The Android team was made aware of a number of malicious applications published to Android Market on Tuesday evening, Google said. The malicious applications were identified and removed.

The applications took advantage of known vulnerabilities which don?t affect Android versions 2.2.2 or higher. For affected devices, Google believes that the only information the attacker(s) were able to gather was device-specific (IMEI/IMSI, unique codes which are used to identify mobile devices, and the version of Android running on users' device). However, given the nature of the exploits, the attacker(s) could access other data.

In order to protect those who downloaded a malicious application, Google removed the malicious applications from Android Market, suspended the associated developer accounts, and contacted law enforcement about the attack.

Google is also remotely removing the malicious applications from affected devices and is pushing an Android Market security update to all affected devices that undoes the exploits to prevent the attacker(s) from accessing any more information from affected devices.

Users with affected devices will receive an email from android-market-support@google.com over the next 72 hours, the company said. They will also receive a notification on their device that "Android Market Security Tool March 2011" has been installed, or receive notification(s) on their device that an application has been removed.
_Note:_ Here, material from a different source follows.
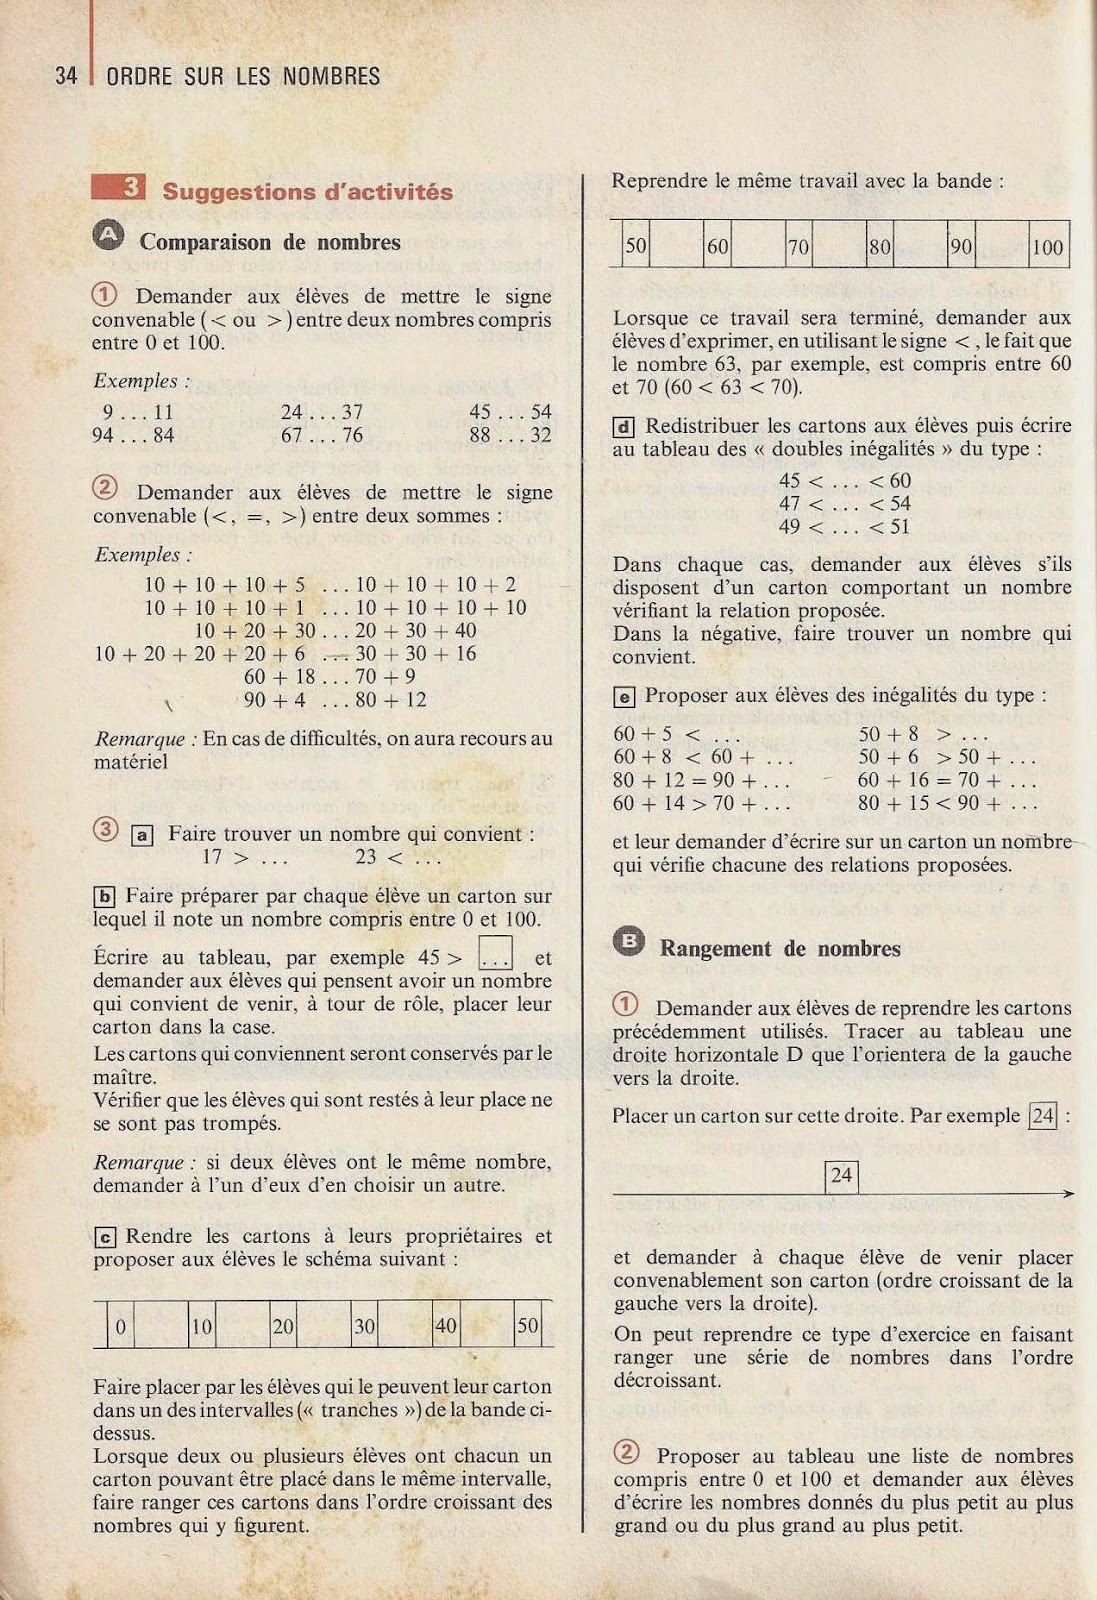 Manuels anciens: Eiller, Math et Calcul CE2, livre du maître (1980)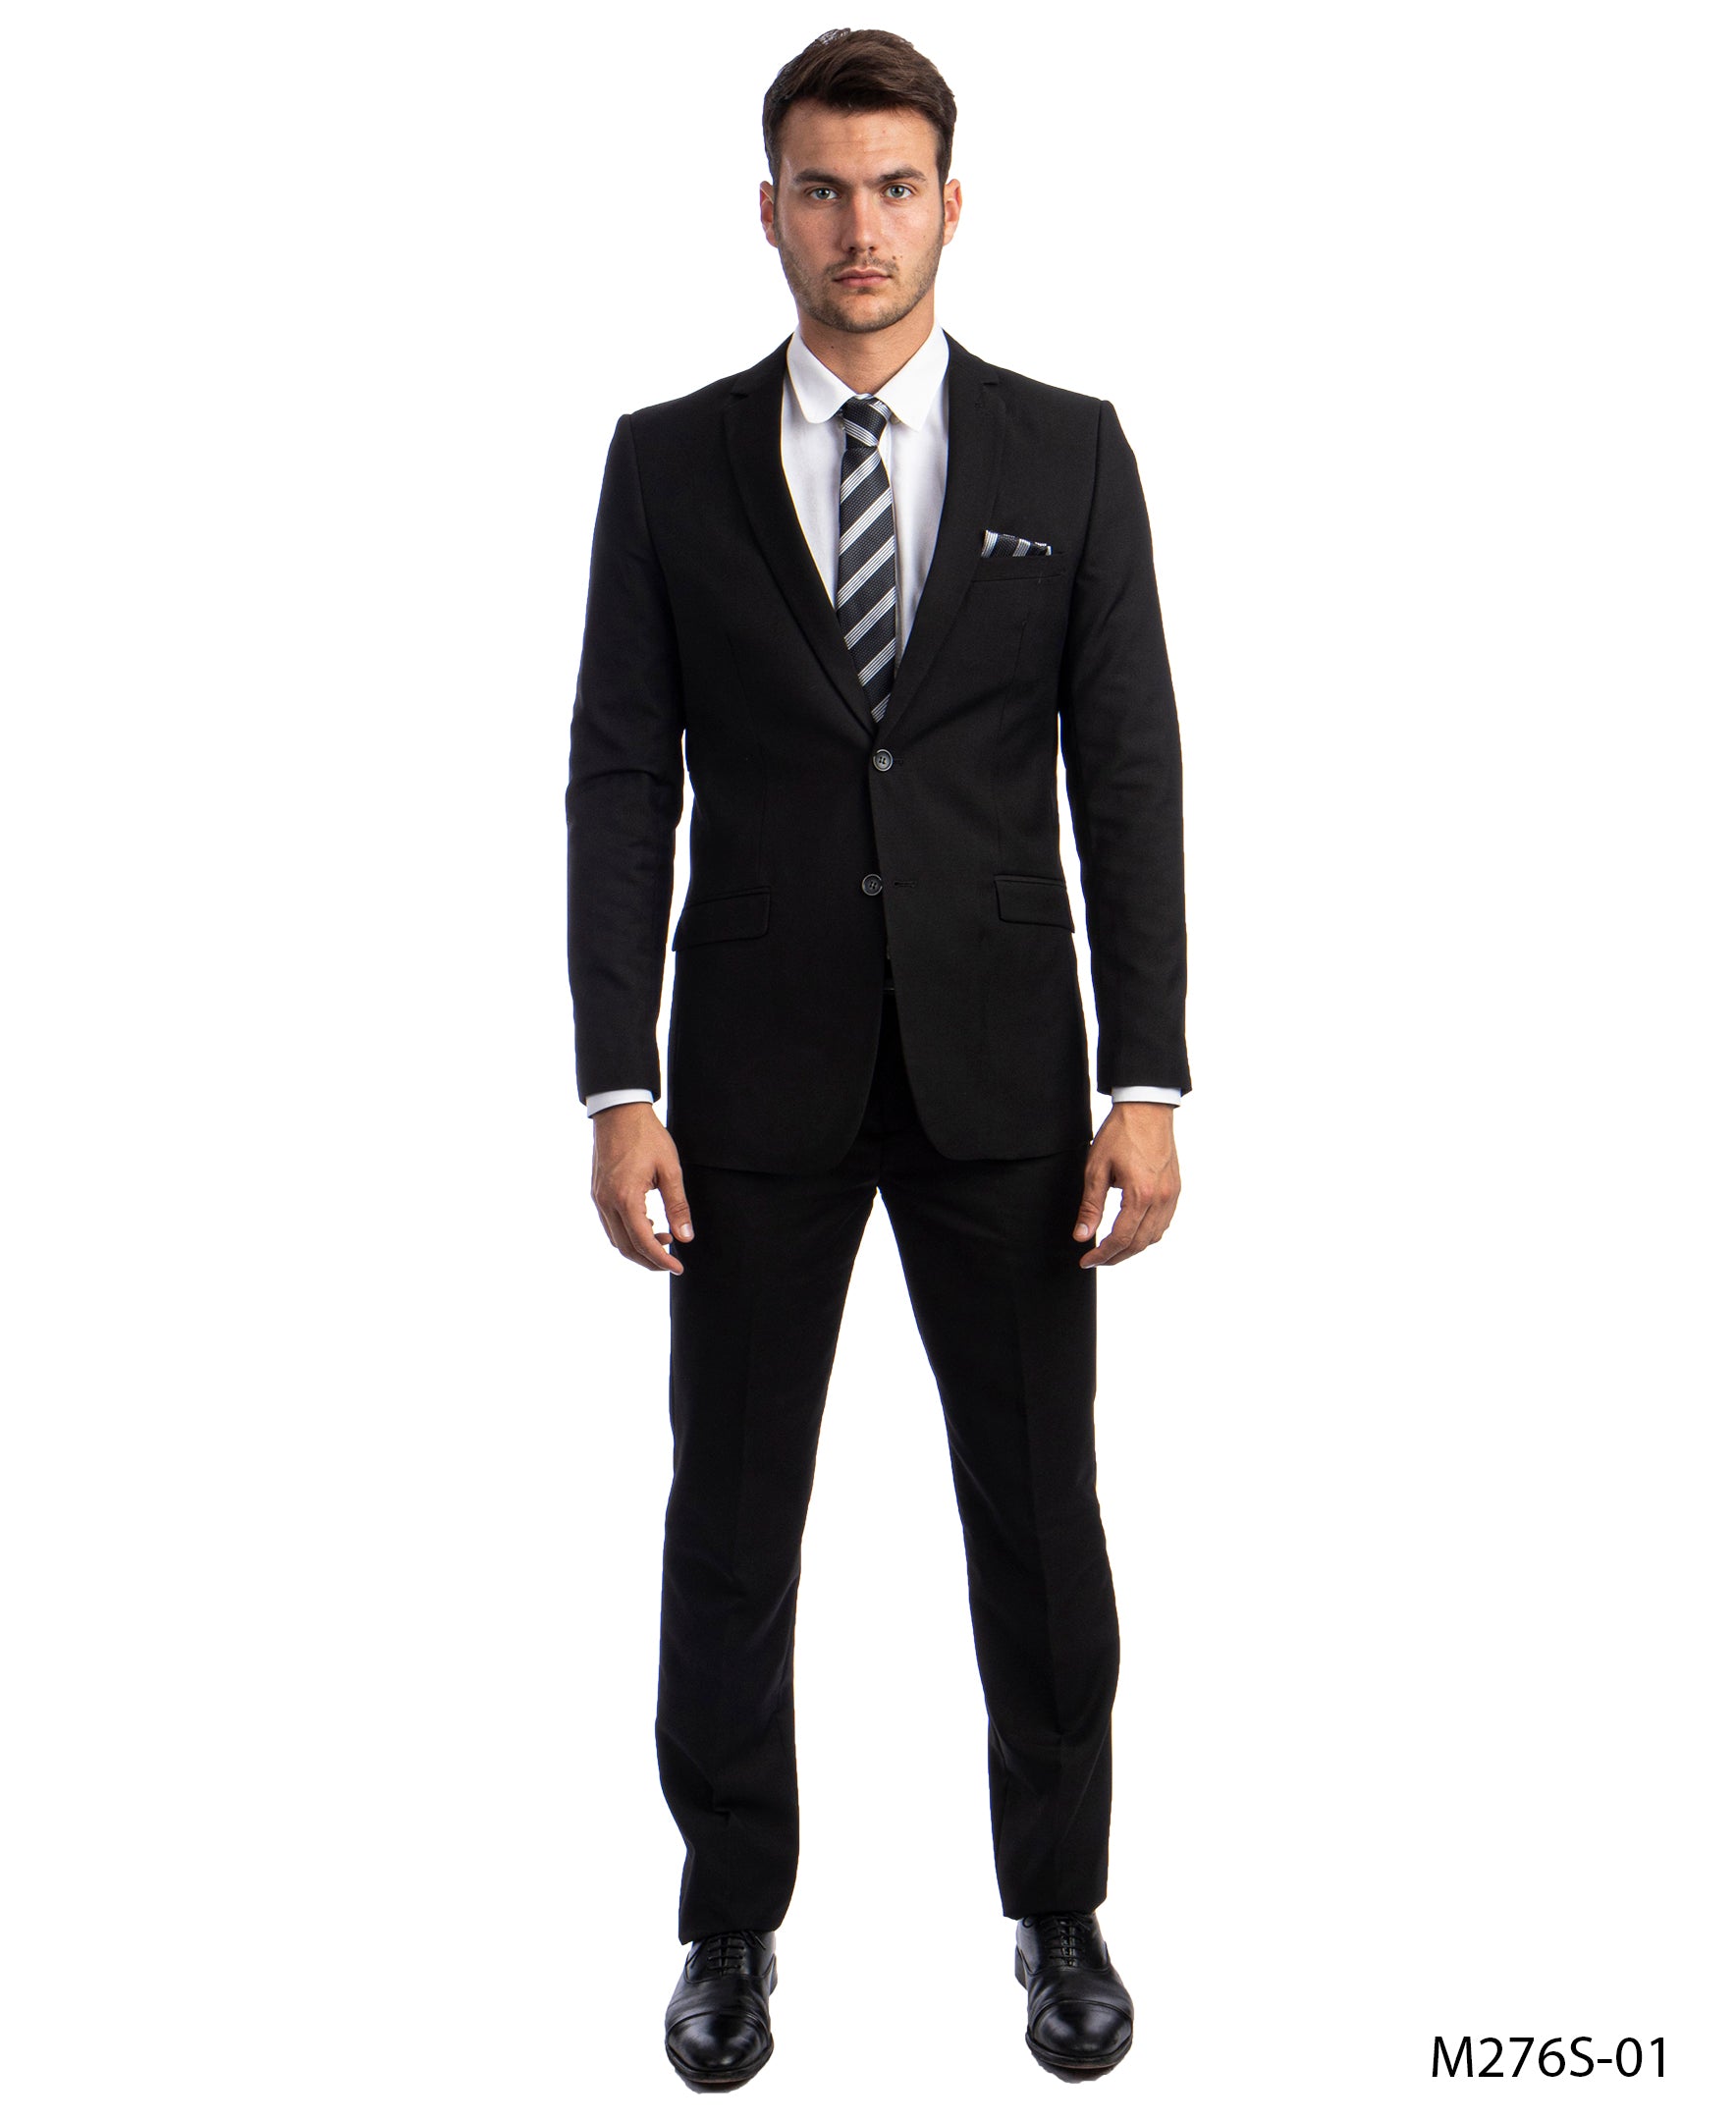 title:Azzuro Black Suits 2 PC Slim Fit;color:Black

"We always encourage you to check the list of permissions when installing an application from Android Market. Security is a priority for the Android team, and we?re committed to building new safeguards to help prevent these kinds of attacks from happening in the future, " Rich Cannings, Android Security Lead posted in a blog.

With the adoption of so many new mobile platforms, combined with the lack of security awareness and mobile safeguards, security experts expect cybercriminals to target mobile devices.